Single by Blood Red Shoes
- Released: 20 February 2006
- Label: Try Harder Records

Blood Red Shoes singles chronology
| "Victory for the Magpie" (2005) | "Stitch Me Back / Meet Me at Eight" (2006) | "A.D.H.D" (2006) |

= Stitch Me Back/Meet Me at Eight =

"Stitch Me Back" / "Meet Me at Eight" is the second release by the English band Blood Red Shoes, released on 20 February 2006 on the Try Harder label.
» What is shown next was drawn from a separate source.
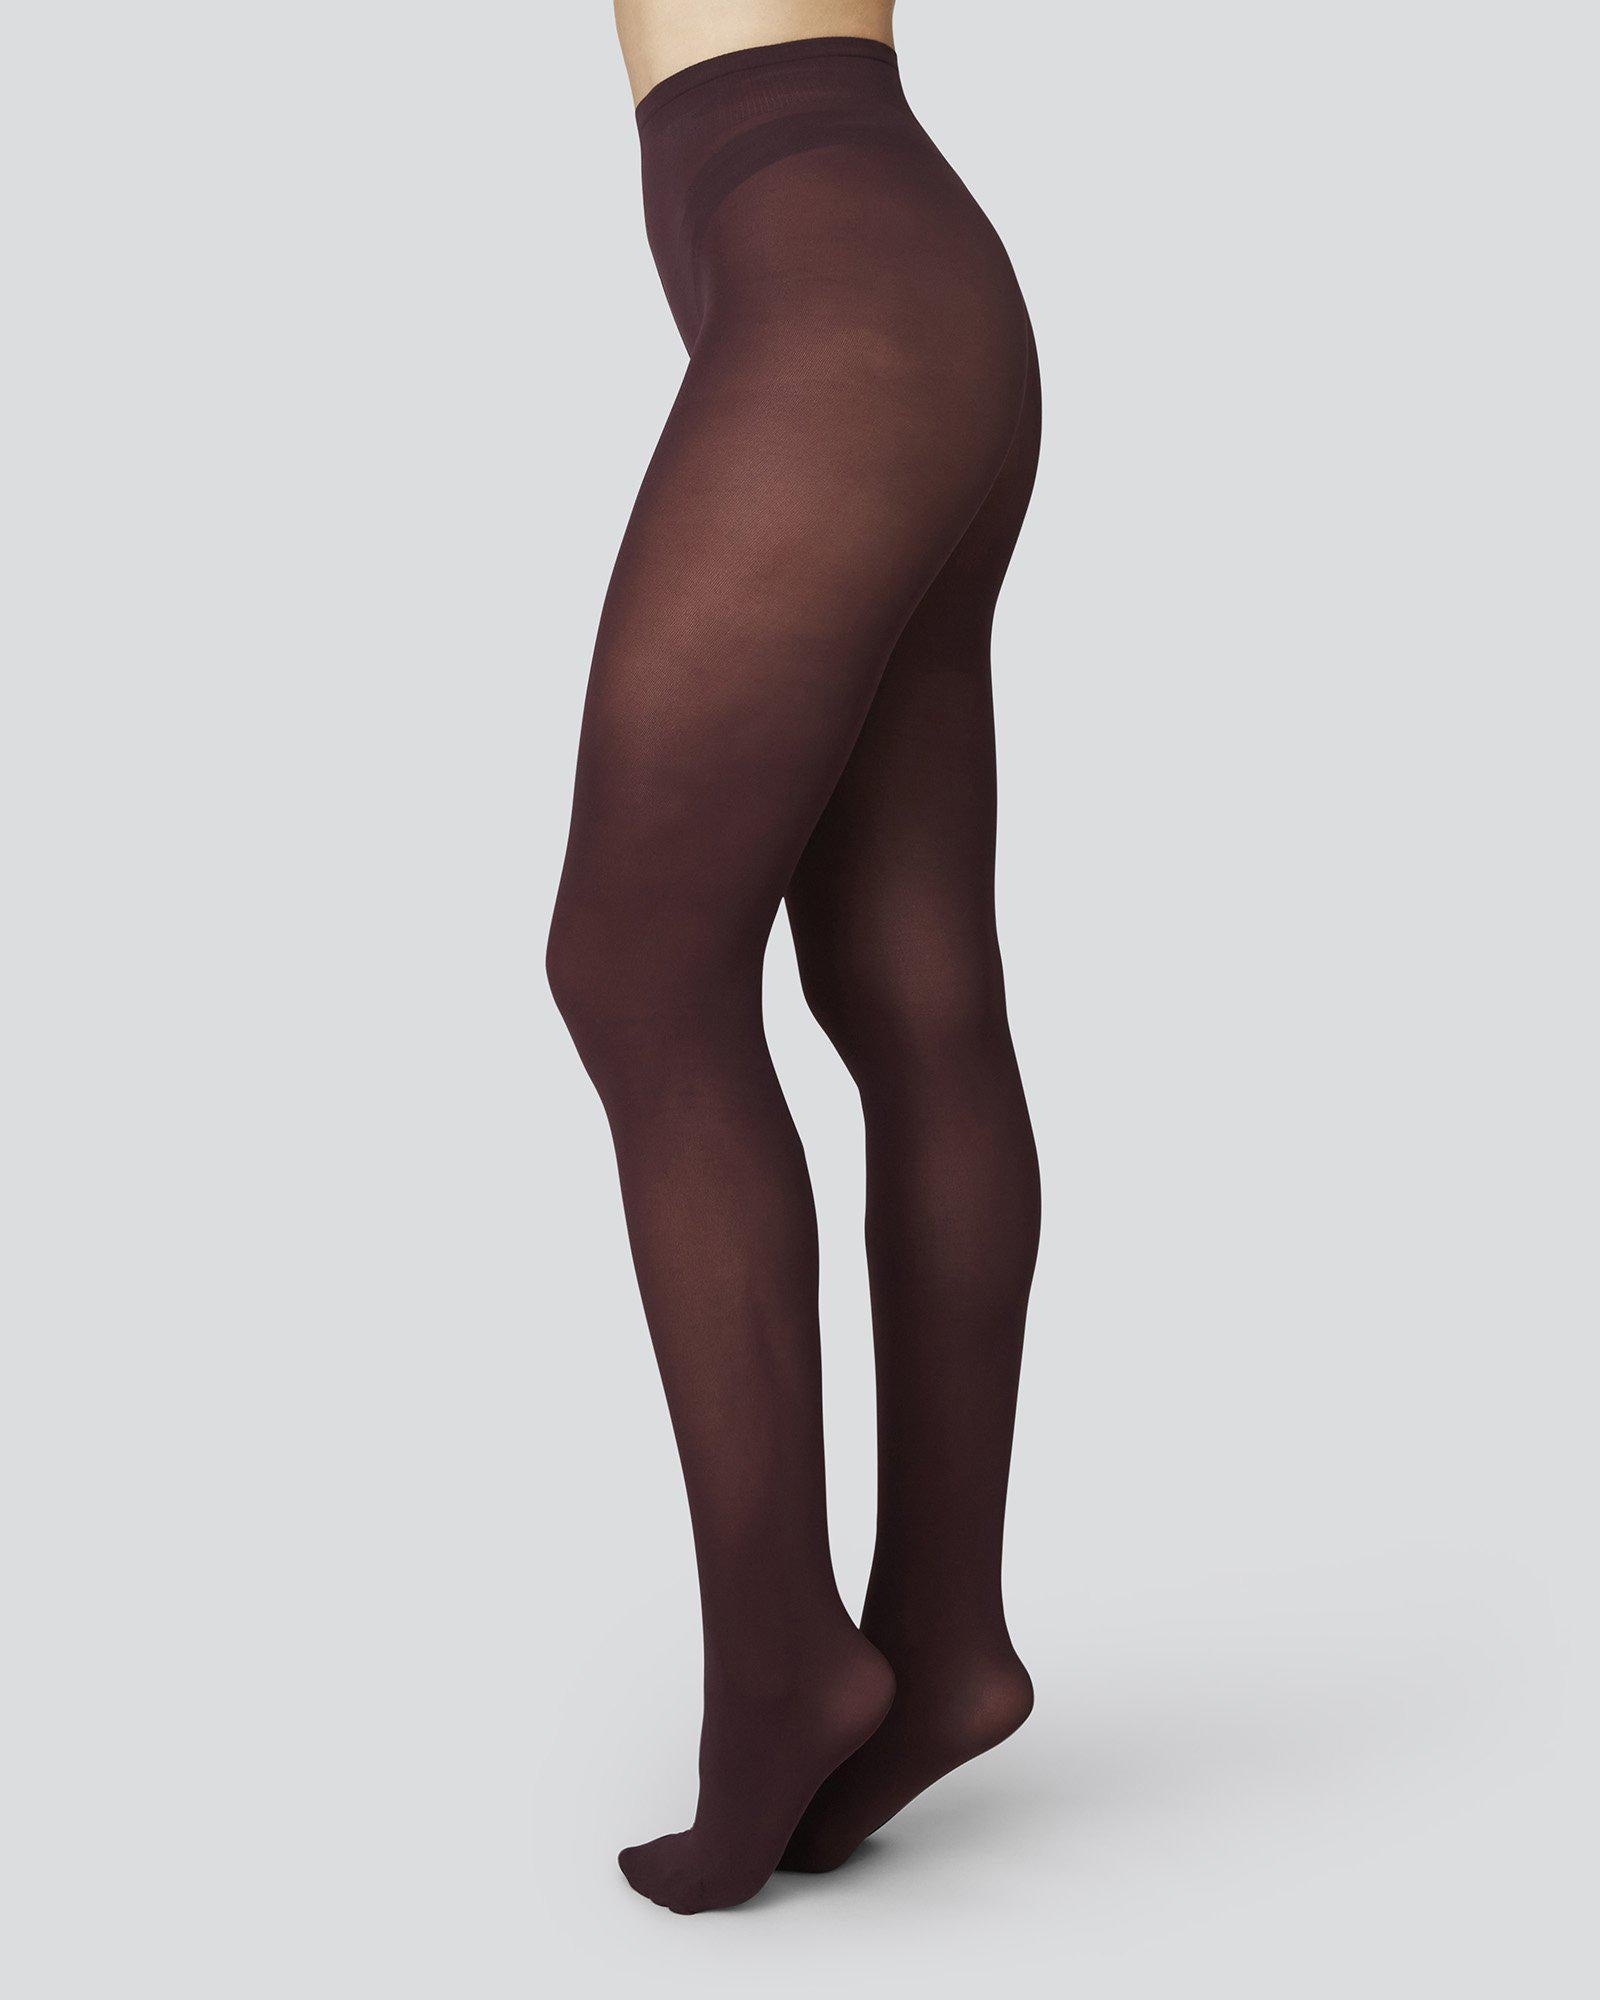 Buy Tights Beauty online
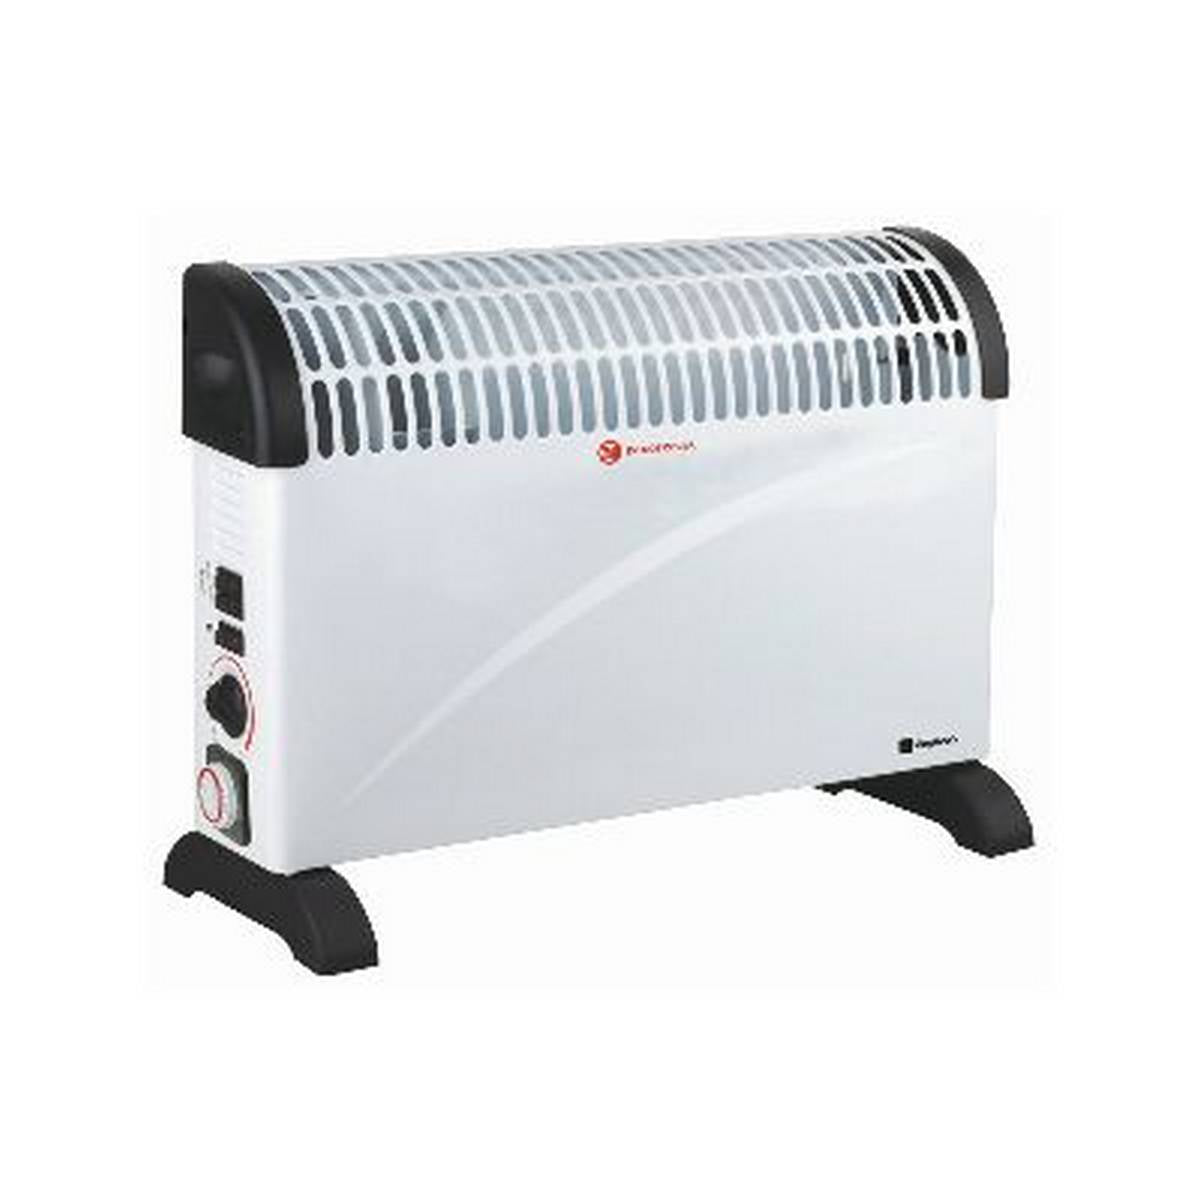 KINGAVON 2KW CONVECTOR HEATER WITH TURBO AND TIMER BB-CH501

The single was a double A-side release, however "Stitch Me Back" endured as the more prominent of the two songs, as it continued to be played live by the band during their album release tour in 2008.

==Critical reception==
Colin Roberts of Drowned in Sound described "Stitch Me Back" as "essentially a three minute chorus that pounds and pounds until you're beaten into submission and the words 'stitch me back' are imprinted in the centre of your skull", calling it "a great, great song". A SoundsXP review called it "a loud and brutal snarl of spiky guitar pop". Mark Beaumont of NME suggested that "Stitch Me Back" when performed live sounded "like someone’s thrown a drumkit, 50 mallets and a naked and shaved bassist into a high security ward for psychopathic cannibals and recorded the result". Sam Shepherd of musicOMH was also impressed, stating "Stitch Me Back is hectic, it's shambolic and it is thoroughly exciting".

== Track listing ==

=== 7" ===
1. "Stitch Me Back"
2. "Meet Me At Eight"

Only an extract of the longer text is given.